▸ **Try it**: A word-for-word copy of the listing is what's needed; leave out every image.

▸ **Dataset extract**:

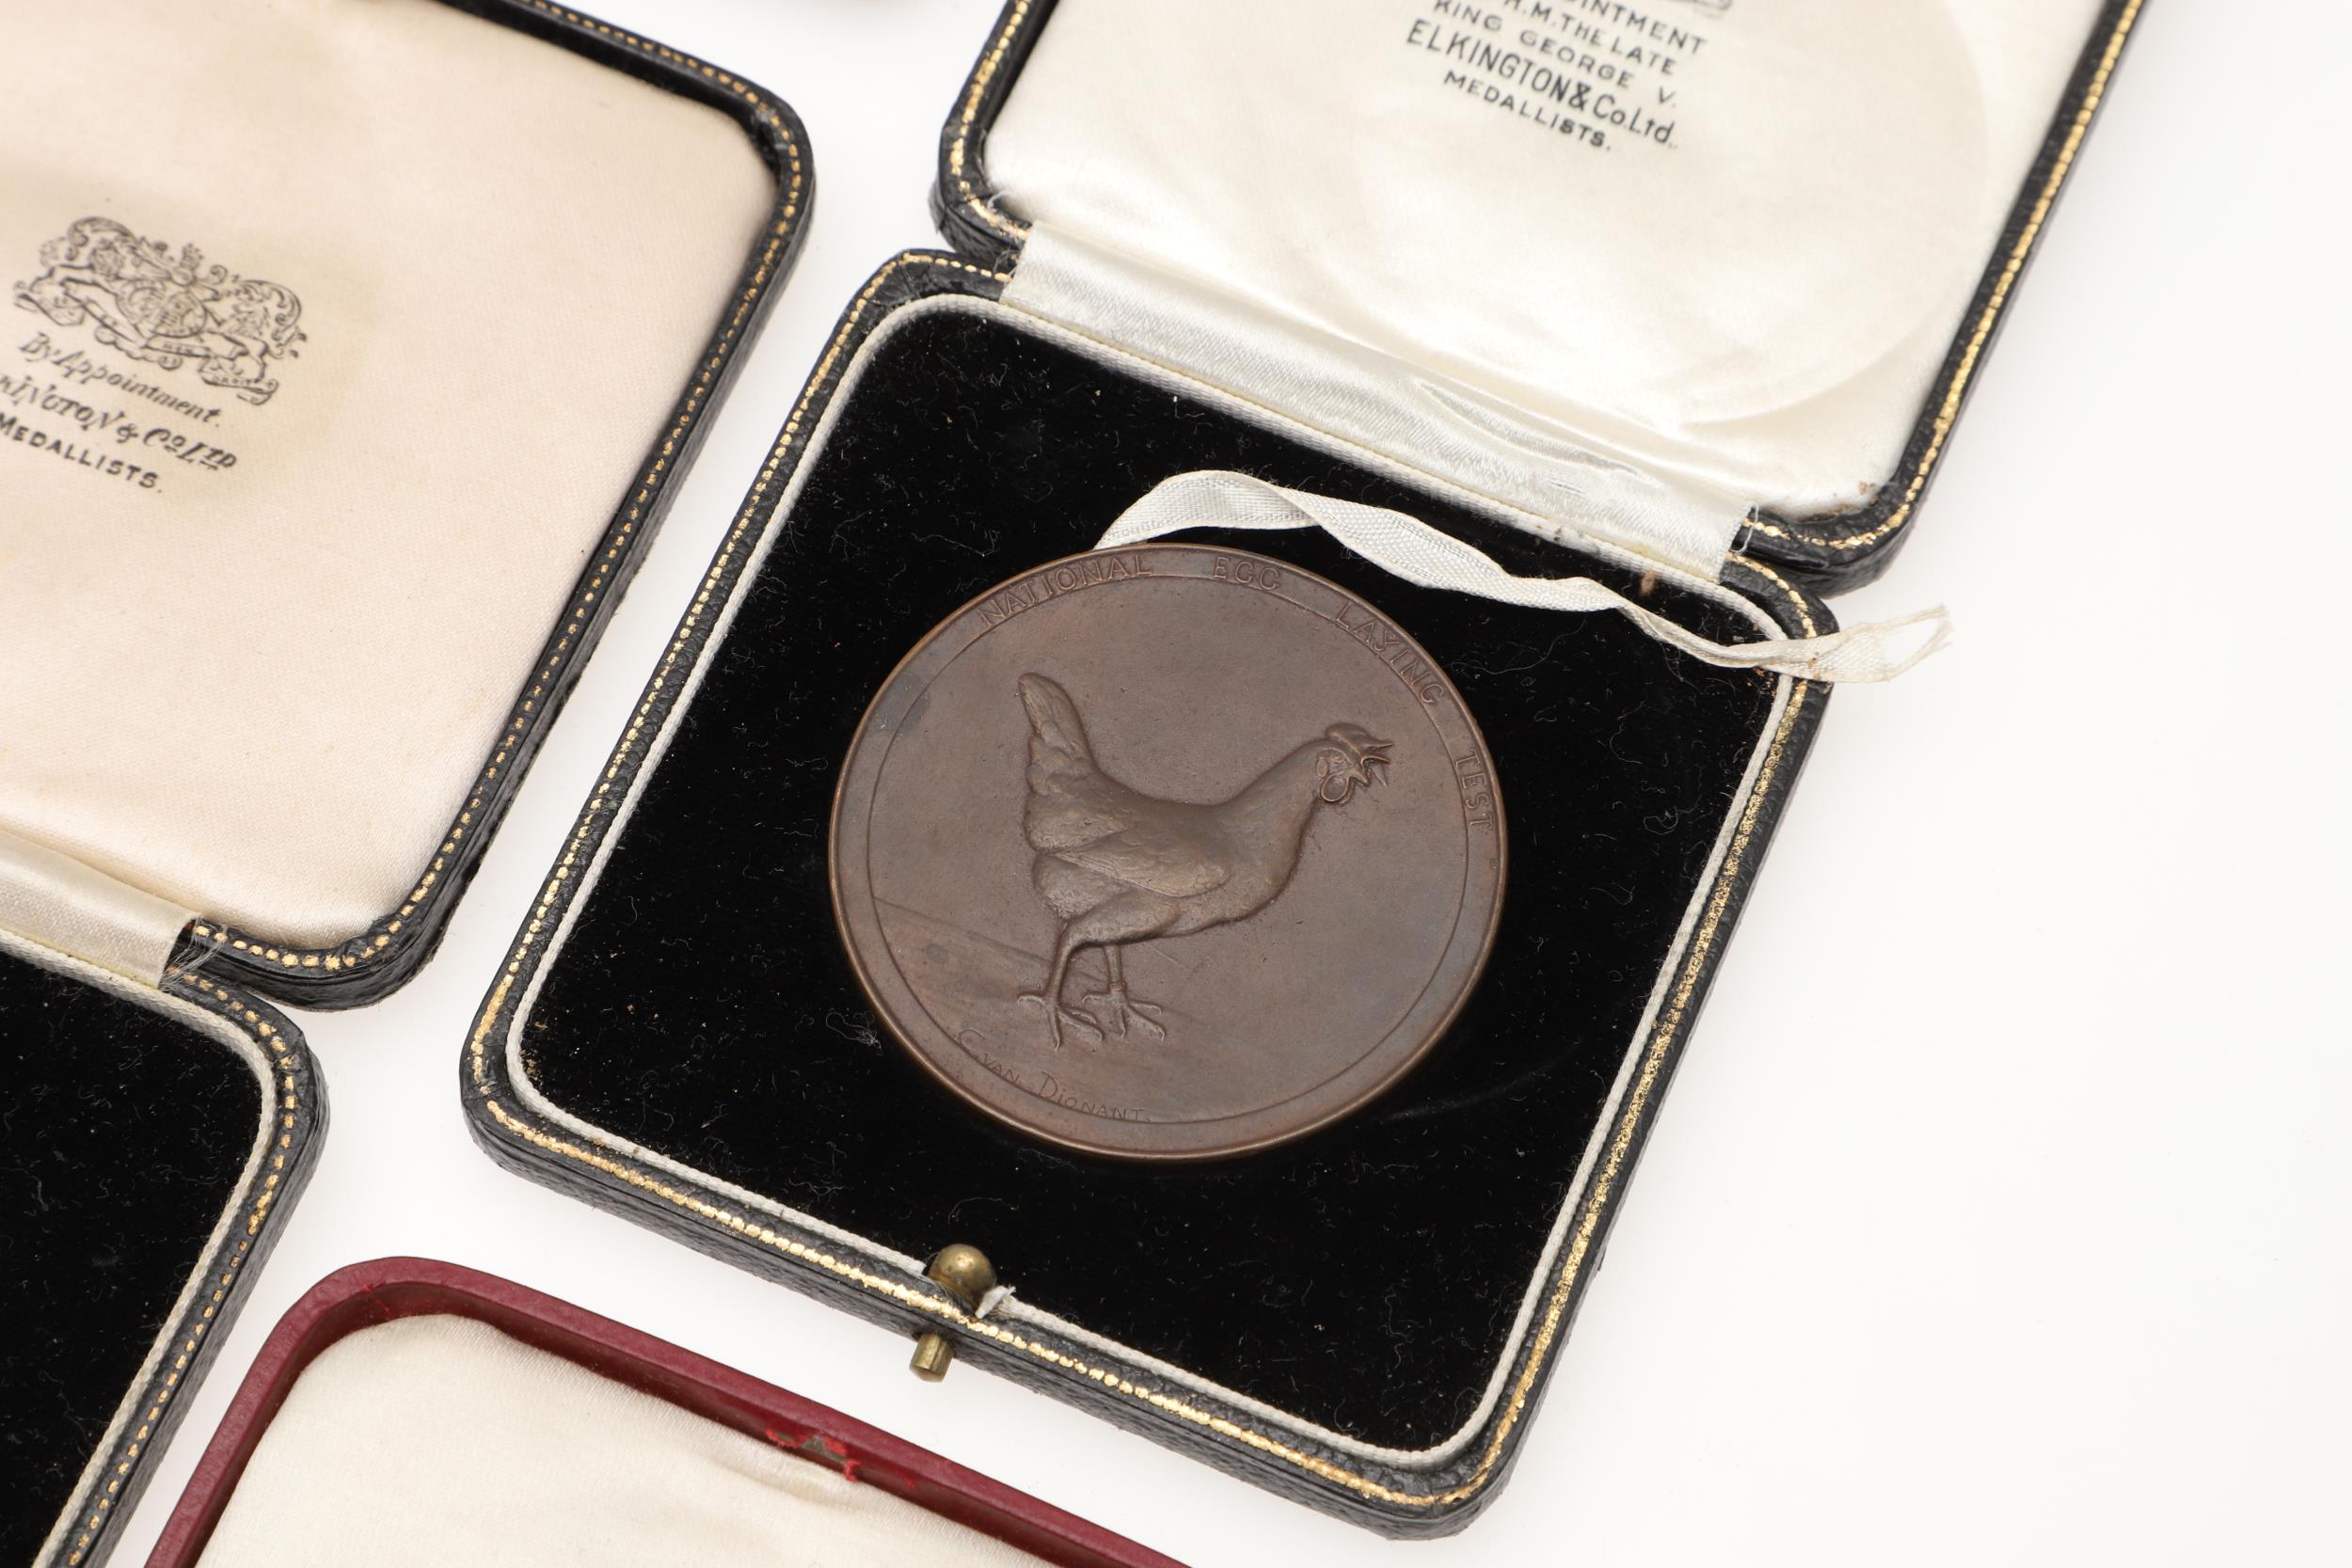 AN EXTENSIVE COLLECTION OF GOLD, SILVER AND BRONZE MEDALS FOR EGG LAYING. - Image 9 of 23
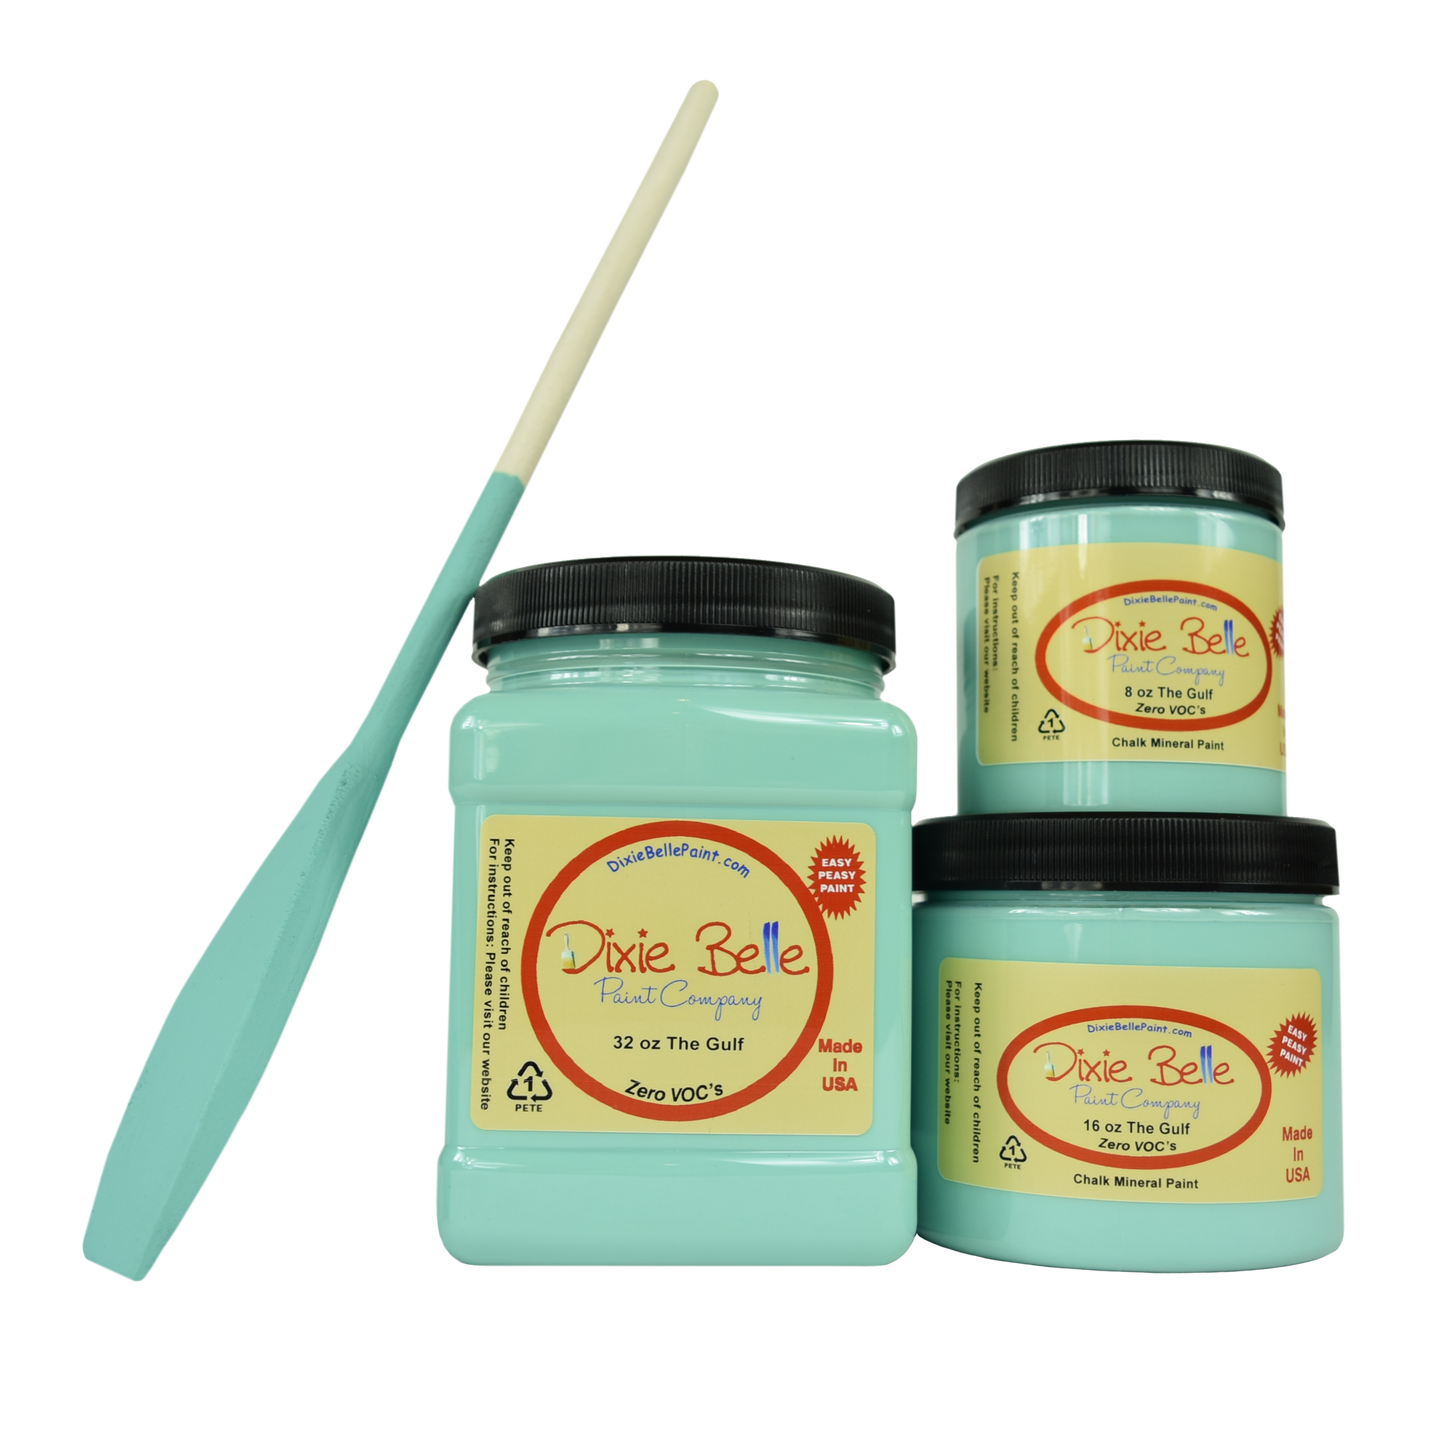 Dixie Belle Chalk Mineral Paint - The Gulf
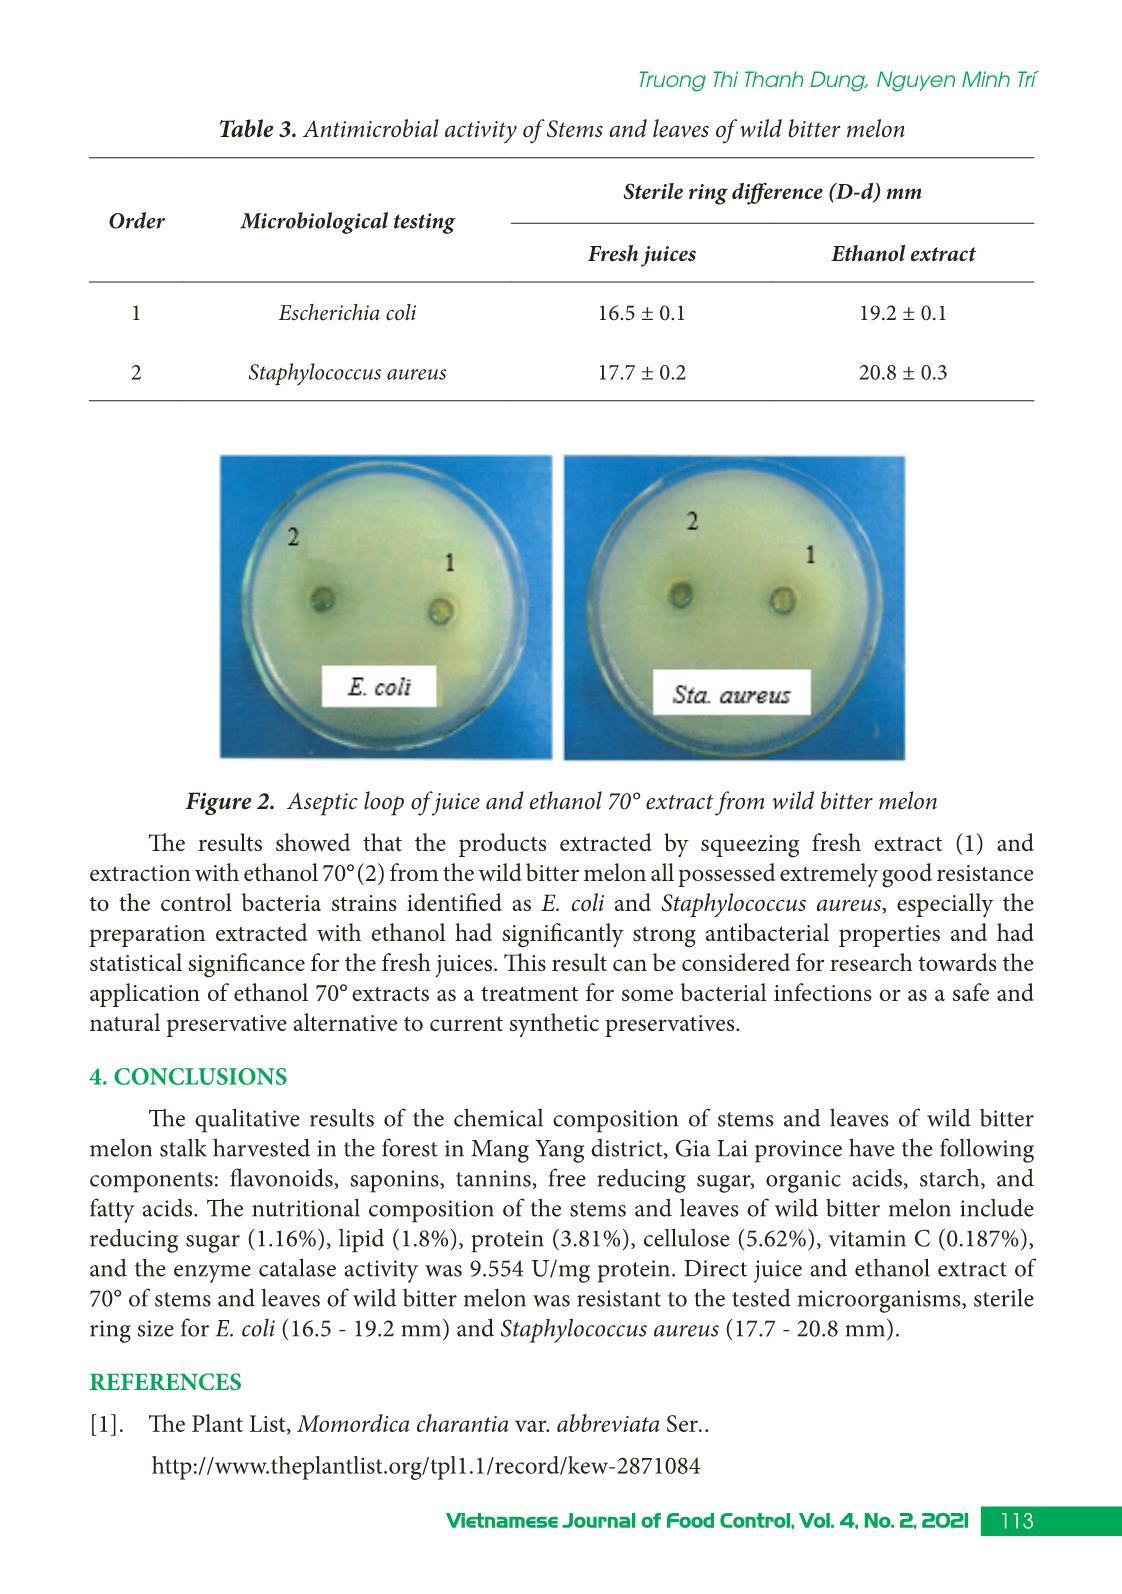 Biochemical compositions, antioxidant activity, and in vitro antibacterial activity of extract from wild bitter melon (momordica charantia var. abbreviata ser.) trang 5

▸ **Answer area**:
 AN EXTENSIVE COLLECTION OF GOLD, SILVER AND BRONZE MEDALS FOR EGG LAYING. - Image 9 of 23
 Dixie Belle Chalk Mineral Paint - The Gulf
 Biochemical compositions, antioxidant activity, and in vitro antibacterial activity of extract from wild bitter melon (momordica charantia var. abbreviata ser.) trang 5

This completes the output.